[Start of Attachment]

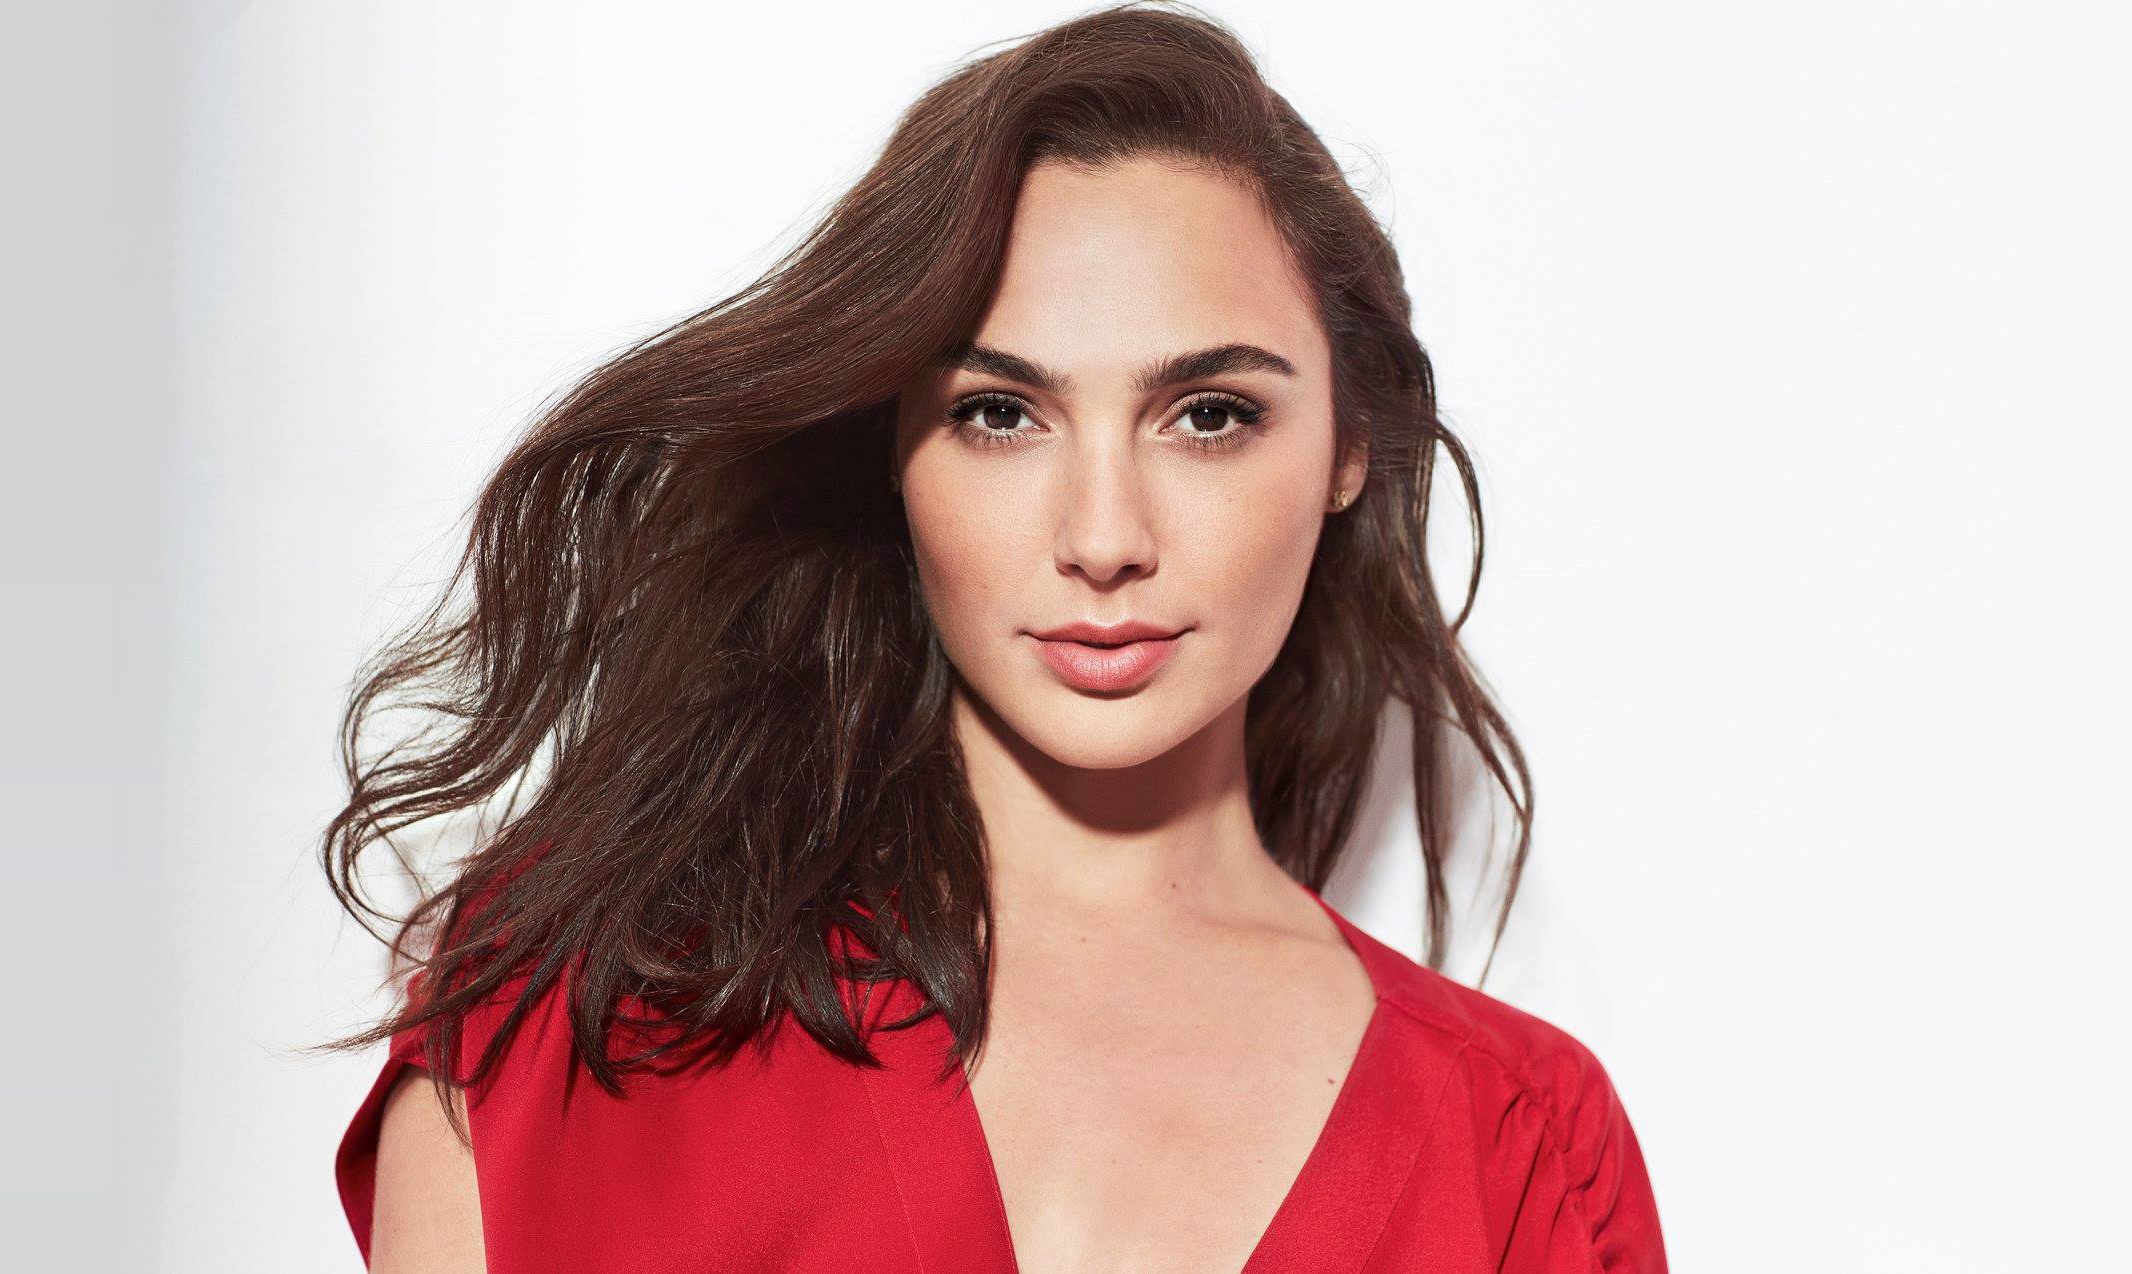 2019 Gal Gadot Wallpaper Hd Celebrities 4k Wallpapers Images Photos And Background 
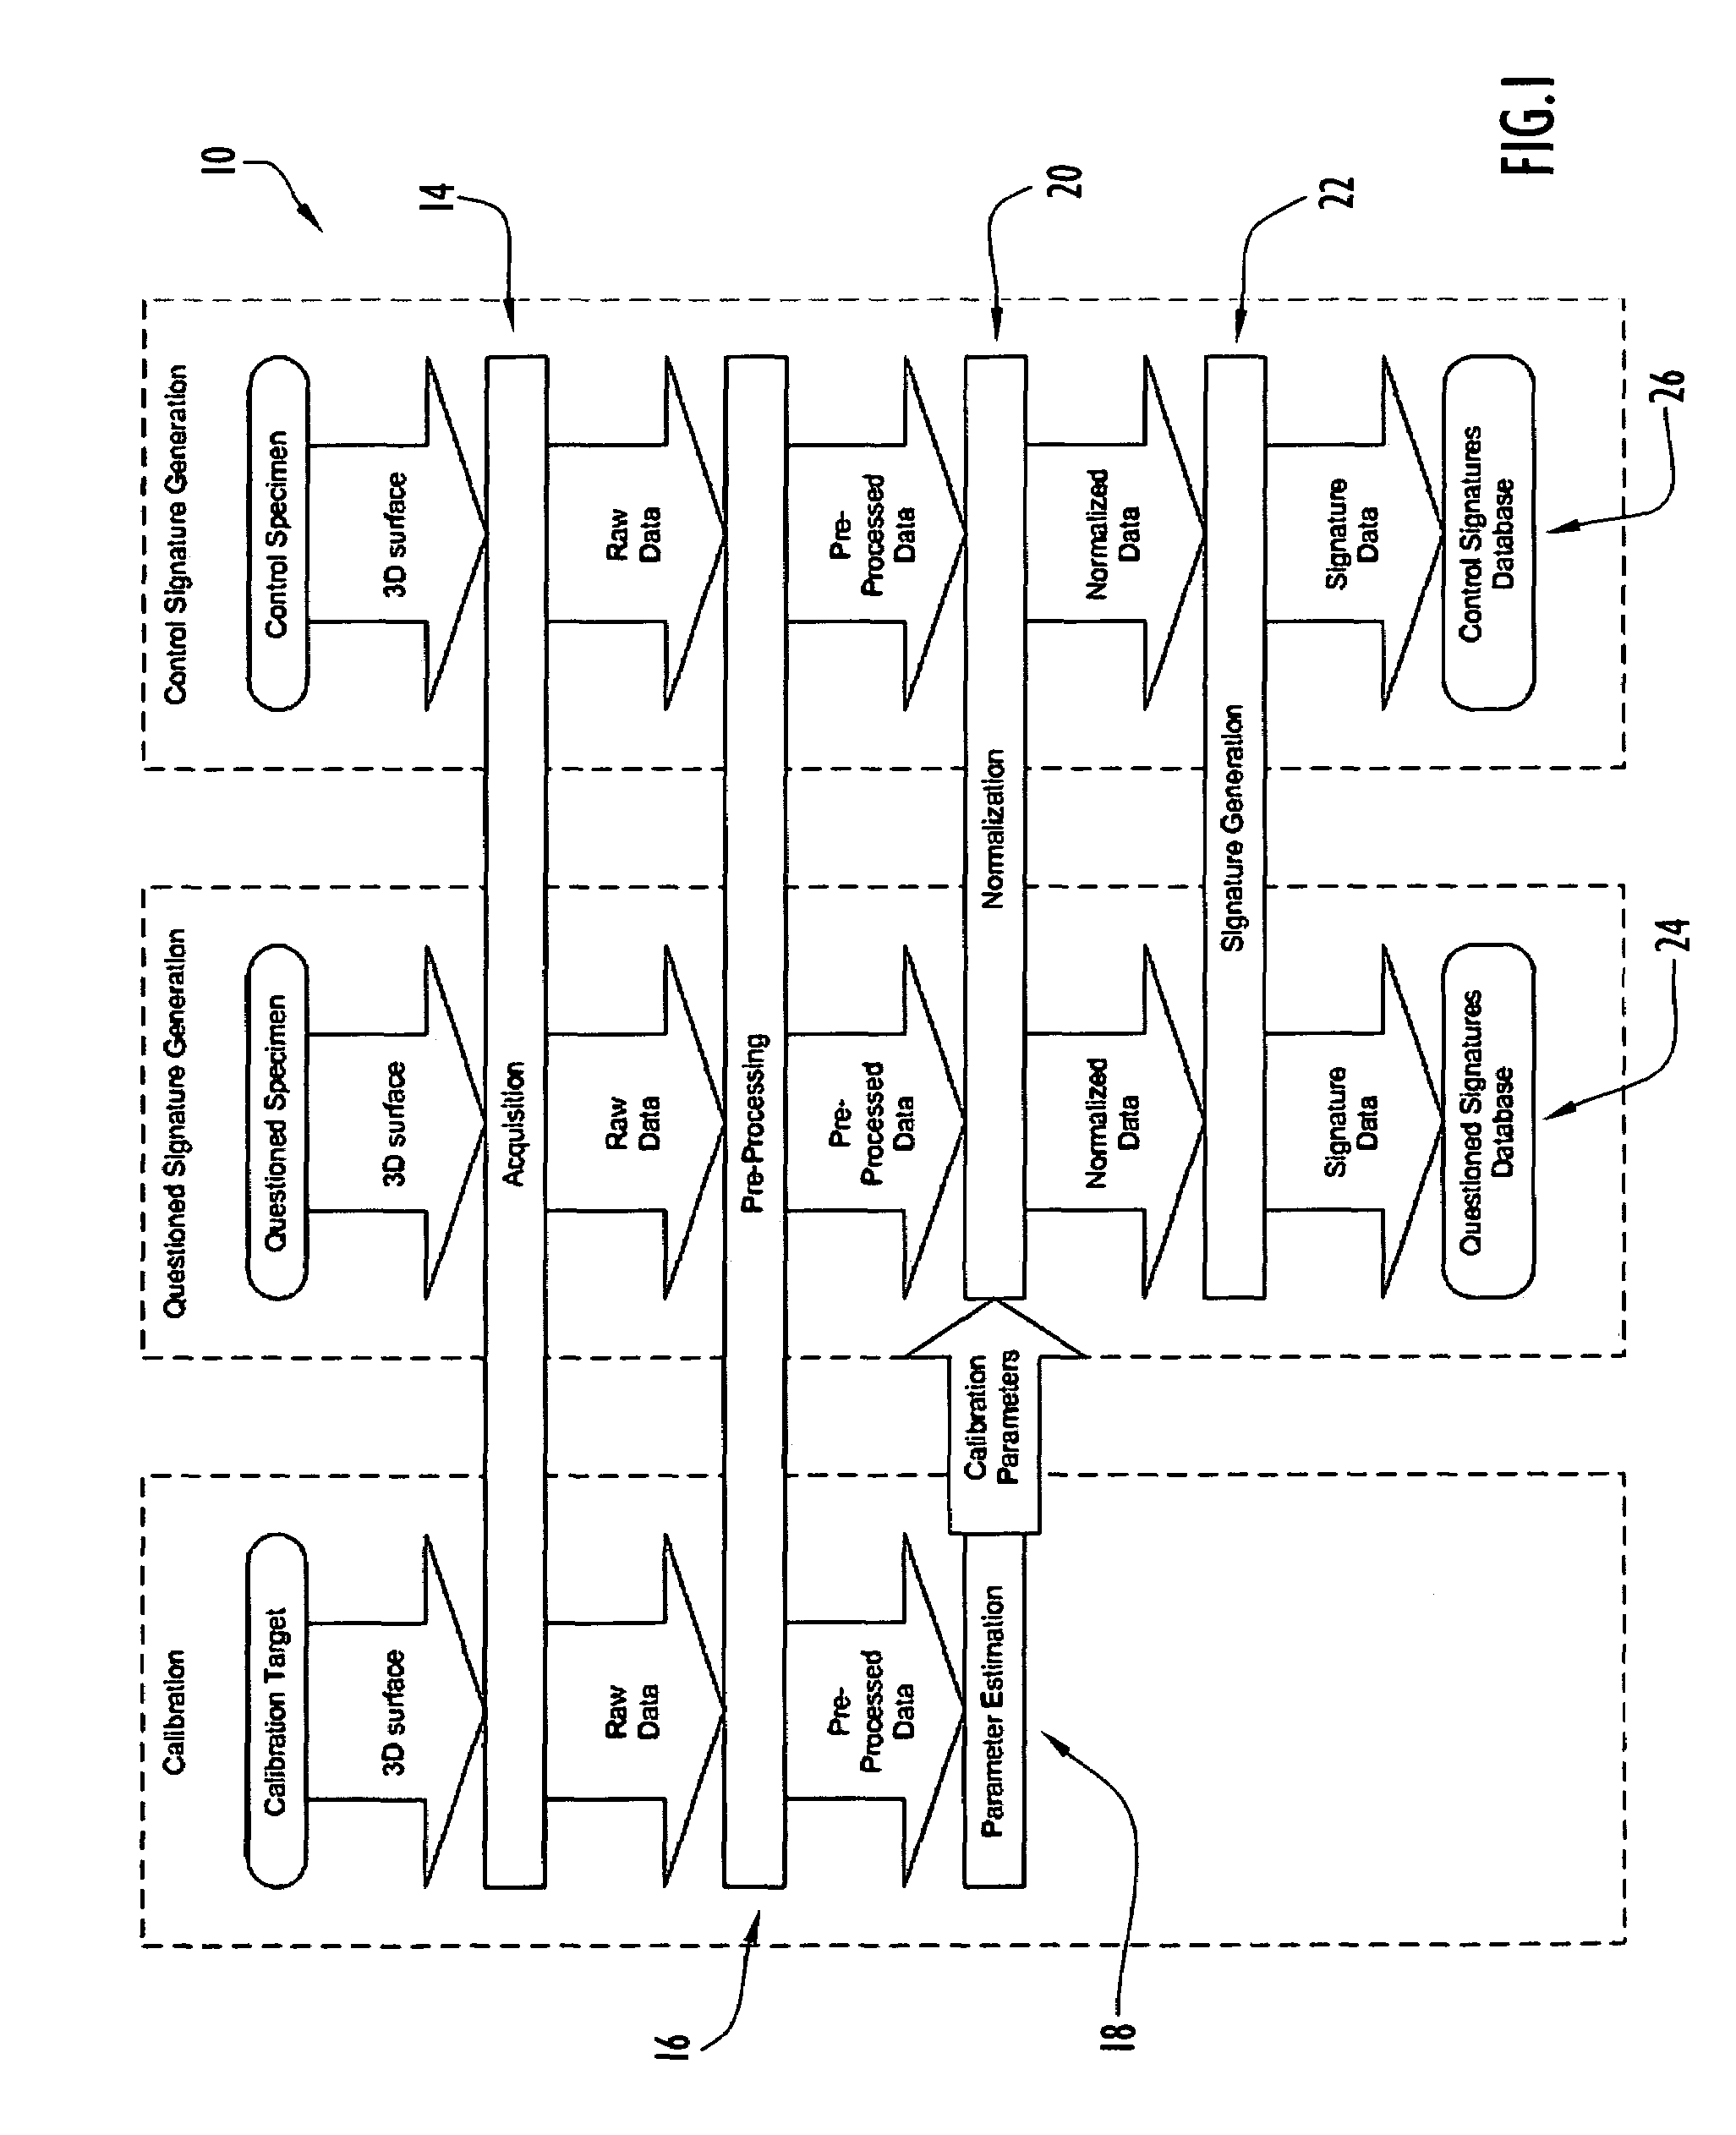 Automated system and method for tool mark analysis
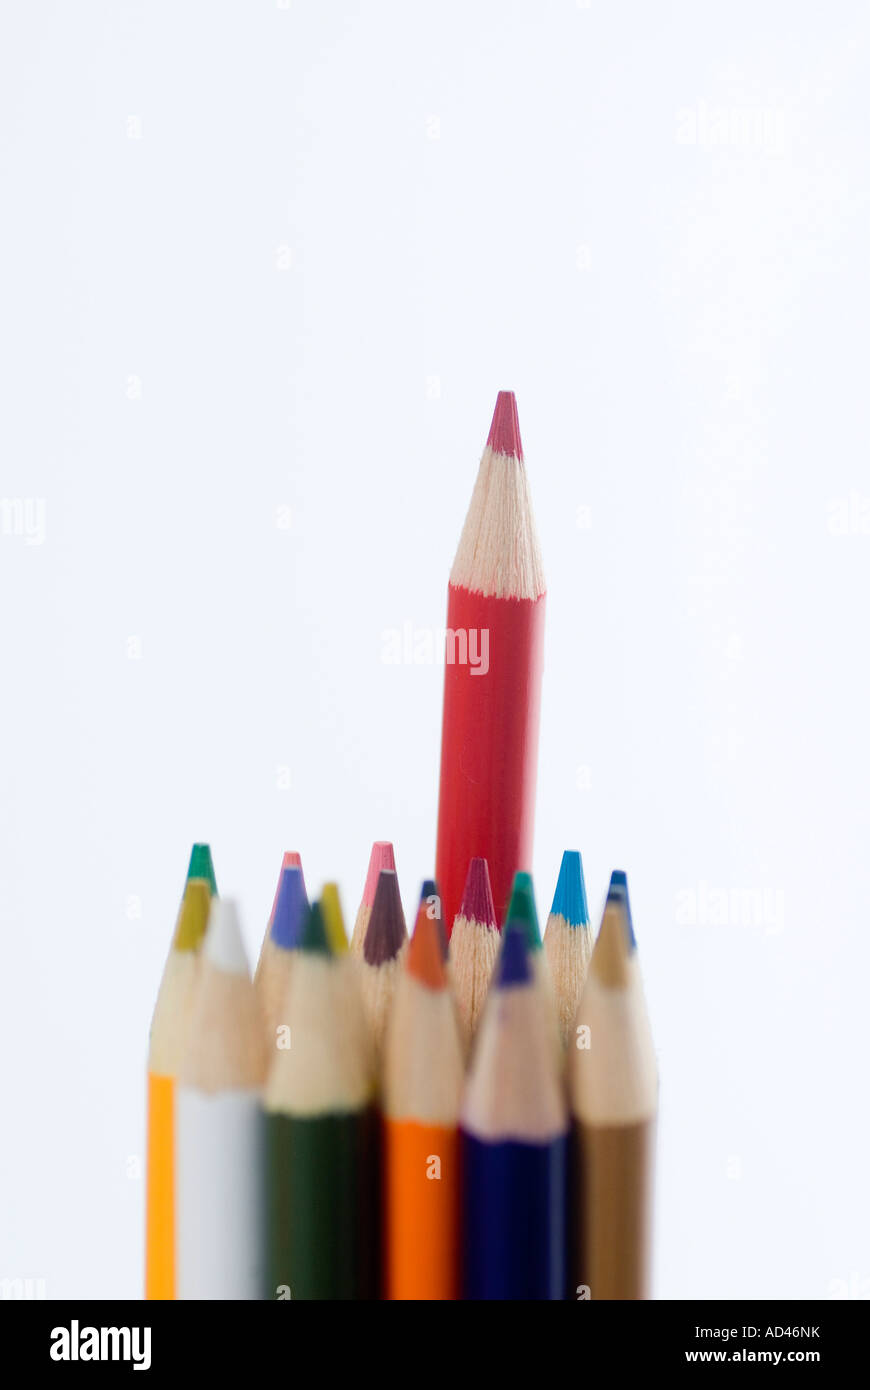 Red pencil standing out from the crowd Stock Photo

[End of Attachment]

- _PROBLEM TO WORK ON_
Give the complete material again, exactly as written. Do not include the pictures.

- _ANSWER SECTION_
 2019 Gal Gadot Wallpaper Hd Celebrities 4k Wallpapers Images Photos And Background 
 Automated system and method for tool mark analysis
 Red pencil standing out from the crowd Stock Photo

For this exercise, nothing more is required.